Top 10 Love Lessons Learned Taglish Love Quotes

10 Love Lessons Learned From #KwentongJollibee SIGNS: Pinoy Love Lessons Filipino Love Quotes Taglish

English
Love Lessons Learned:

#1. Believe in science, not in signs.

#2. Beware of handsome who's slow when move. Probably he has a girlfriend English speaking mestiza.

#3. When your crush goes to you when class, its not love, he want to copy. He doesn't want you to answer him, he just wants answers for the exam.

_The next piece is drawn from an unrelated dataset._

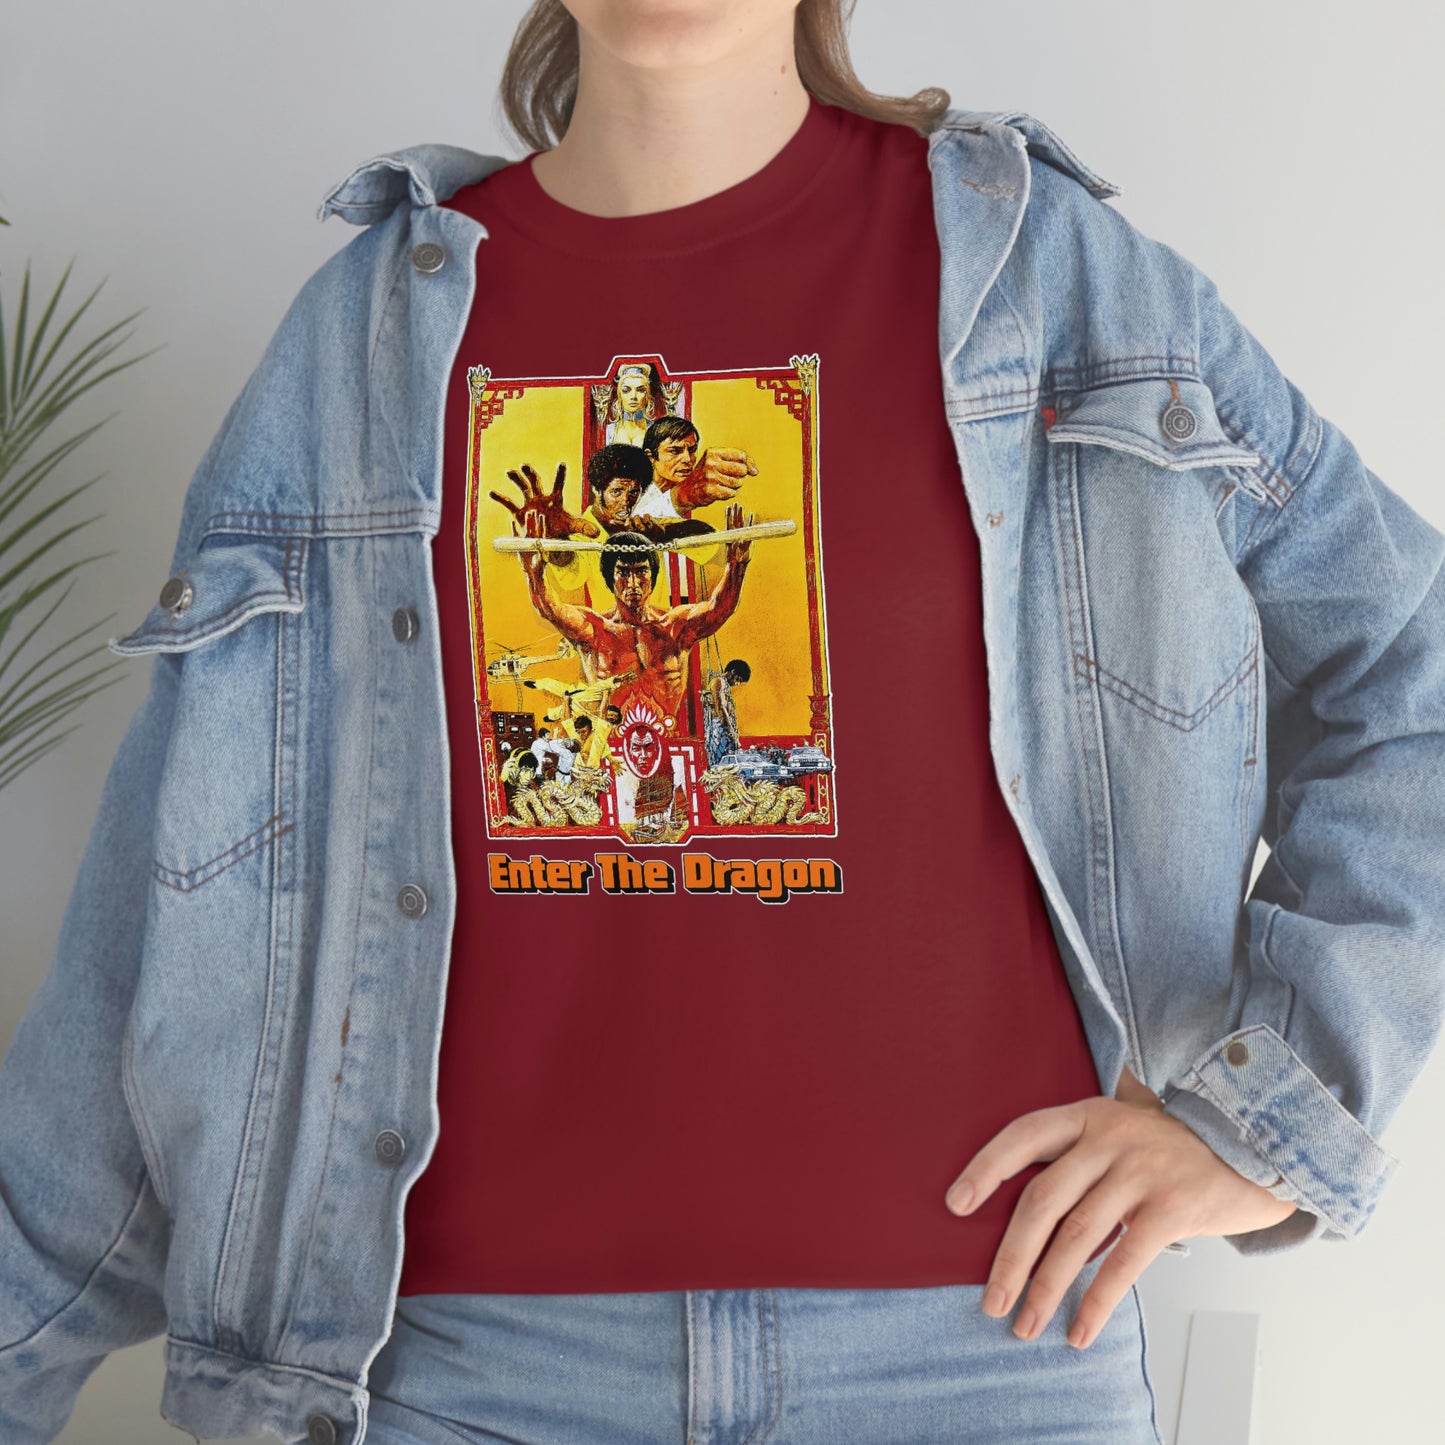 Enter the Dragon T-Shirt

#4. Do not believe in online quizzes. You do not look like celeb, you're not Harry Potter, and you're probably not crush by your crush.

#5. When you know that your crush have a girlfriend, get it right in the rice. Food will fulfill your lack of love.

#6. If you're watcher of handsome, you're called, "the true love that I did not realize was there all along." When you're watcher of too handsome, your call as "stalker."

#7. Yesterday's intruder can be tomorrow's girlfriend/boyfriend.

#8. It's ok if you're corny, if your dimples are deep.

#9. When your spaghetti shapes into heart, that's it! What else do you want, spell the noodles with the full name of the guy? Do not too abusive.

#10. When your crush use the "no entry" signed, it's okay. Maybe the one true love will place the "do not leave your valuables unattended" sign in your heart.

Filipino
Love Lessons Learned:

#1. Maniwala sa science, hindi sa signs.

#2. Mag-ingat sa guwapong slow-mo kung gumalaw. Malamang paasa yan na may girlfriend na inggliserang mestiza.

#3. Kapag tumabi sa yo ang crush mo sa class, hindi love yun, kokopya yun. Hindi niya gustong sagutin mo siya, gusto lang niya ng sagot sa exam.

#4. Wag magpapaniwala sa mga online quizzes na yan. Hindi mo lookalike yung celeb, hindi ka si Harry Potter, at malamang walang crush sa yo ang crush mo. 

#5. Kapag nalaman mong may girlfriend na ang crush mo, daanin mo nalang sa kain. Pupunuin ni food and pagkukulang ni love.

#6. Kapag abangers ka na pogi, ang tawag sa yo, “the true love that I didn’t realize was there all along.” Kapag abangers ka na di masyadong pogi, ang tawag sa yo, “stalker.”

#7. Yesterday’s epal can be tomorrow’s jowa.

#8. Okay lang na corny ka, basta malalim ang dimples mo.

#9. Kapag naghugis puso na yung spaghetti mo, yun na yun! Ano pa gusto mo, i-spell ng noodles yung full name nung guy? Wag abusado.

#10. Kapag naglagay na ng “no entry” sign si crush, okay lang yun. Baka si one true love naman ang maglalagay ng “do not leave your valuables unattended” sign sa puso mo.